Со стороны казаков в этом яростном сражении сложил свою седую голову легендарный Бурляй, водивший запорожцев в морские походы еще во времена Сагайдачного, был захвачен в плен и казнен раненый корсунский полковник Морозенко. Едва не погиб и отважный Иван Богун, получивший тяжелое ранение. Потери казаков были огромными, они своими телами почти полностью заполнили рвы перед валами польского лагеря.

Хан, хотя и продолжал сердиться на запорожского гетмана, но вынужден был признать, что казаки сделали все возможное, чтобы взять польский лагерь штурмом. Но ему стало понятно и то, что поляки готовы погибнуть все до единого, но лагерь сдавать не собираются. Тогда Ислам Гирей и Хмельницкий решили использовать путь дипломатии и начать переговоры в надежде убедить осажденных принять почетную капитуляцию. Региментари и Вишневецкий в ответ на предложение выслать своего представителя для переговоров, согласились, надеясь, во-первых, что, может быть, удастся убедить хана оставить Хмельницкого, а главное — с целью получить время для возведения фортификационных сооружений в местах, где они не были достроены.

Ханский везирь Шафир Кази-ага и коронный хорунжий Конецпольский съехались посреди поля и, обменявшись приветственными речами, попытались склонить друг друга к миру на условиях, неприемлемых ни той, ни другой стороне. Все же Конецпольский никакого ответа на предложение везиря не дал, испросив время для обсуждения предложений татарской стороны. Таким образом, они тянули время еще в течение пяти дней, не имея намерения соглашаться на условия противной стороны. Особой пользы эта дипломатия никому не принесла, кроме того, что хан распустил отряды татар по всему краю и они привели из Малой Польши огромное количество ясыря из числа польского населения и на глазах поляков издевались над ним. Правда, и поляки со своей стороны, воспользовавшись кратким перемирием, успели дооборудовать лагерь. Гетман же все это время осматривал укрепления, возведенные противником, порой подъезжая к ним вплотную, в надежде выявить слабые места в обороне польского лагеря. В результате наблюдений, Хмельницкий слегка передвинув свой лагерь, закрыл им видимость своего тыла, где у самого пруда приказал вывести хорошо укрепленный шанец[20]. Разместив в него артиллерию и пехоту, он рассчитывал огнем орудий отрезать поляков от воды. Гетман также выбрал еще два — три слабых места в укреплениях поляков, куда предполагал нанести удар сразу после прекращения перемирия. Но и польские командиры эти приготовления казаков заметили и укрепили места, намеченные Хмельницким для штурма.

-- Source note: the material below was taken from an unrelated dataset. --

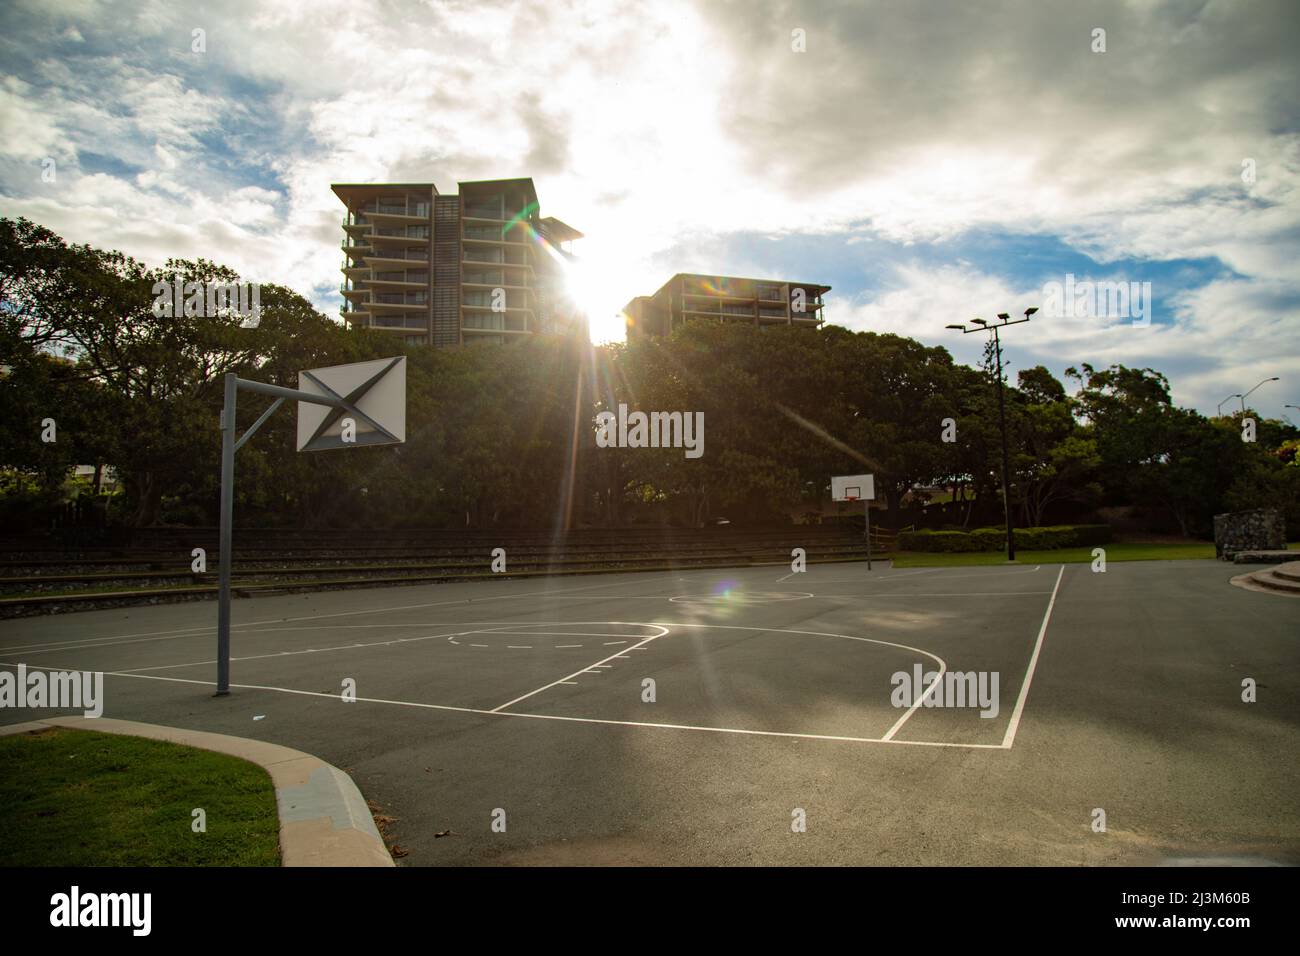 Öffentlicher Basketballplatz im Settlement Cove Park, Redcliffe Australien Stockfoto

Наконец, Вишневецкому надоели татарские хитрости и на следующую встречу с везирем вместе с Конецпольским выехал он сам. Выслушав очередной поток лести в свой адрес, он с прямотой римлянина ответил везирю, что прекрасно понимает, как тот морочит им голову своими напрасными предложениями мира. «Мы могли бы поверить в истинность ваших предложений о мире, — резко заявил он везирю, — если бы в это время Хмельницкий не наводил на нас свои орудия, готовясь к штурму. Однако мы не против приязни между нами, которая больше подходит вам с нами, обоюдными рыцарями, чем с бродягами-казаками. Если хотите стать нашими побратимами, докажите свое стремление к согласию между нами на деле. Если же думаете иначе, то по-крайней мере, воюйте с нами открыто, не прибегая к скрытой измене!» Не слушая дальше велеречивого везиря, который вновь попытался напустить словесного тумана, оба польских вождя возвратились в свой лагерь.

вернуться

20

Шанец — четырехугольное фортификационное земляное сооружение.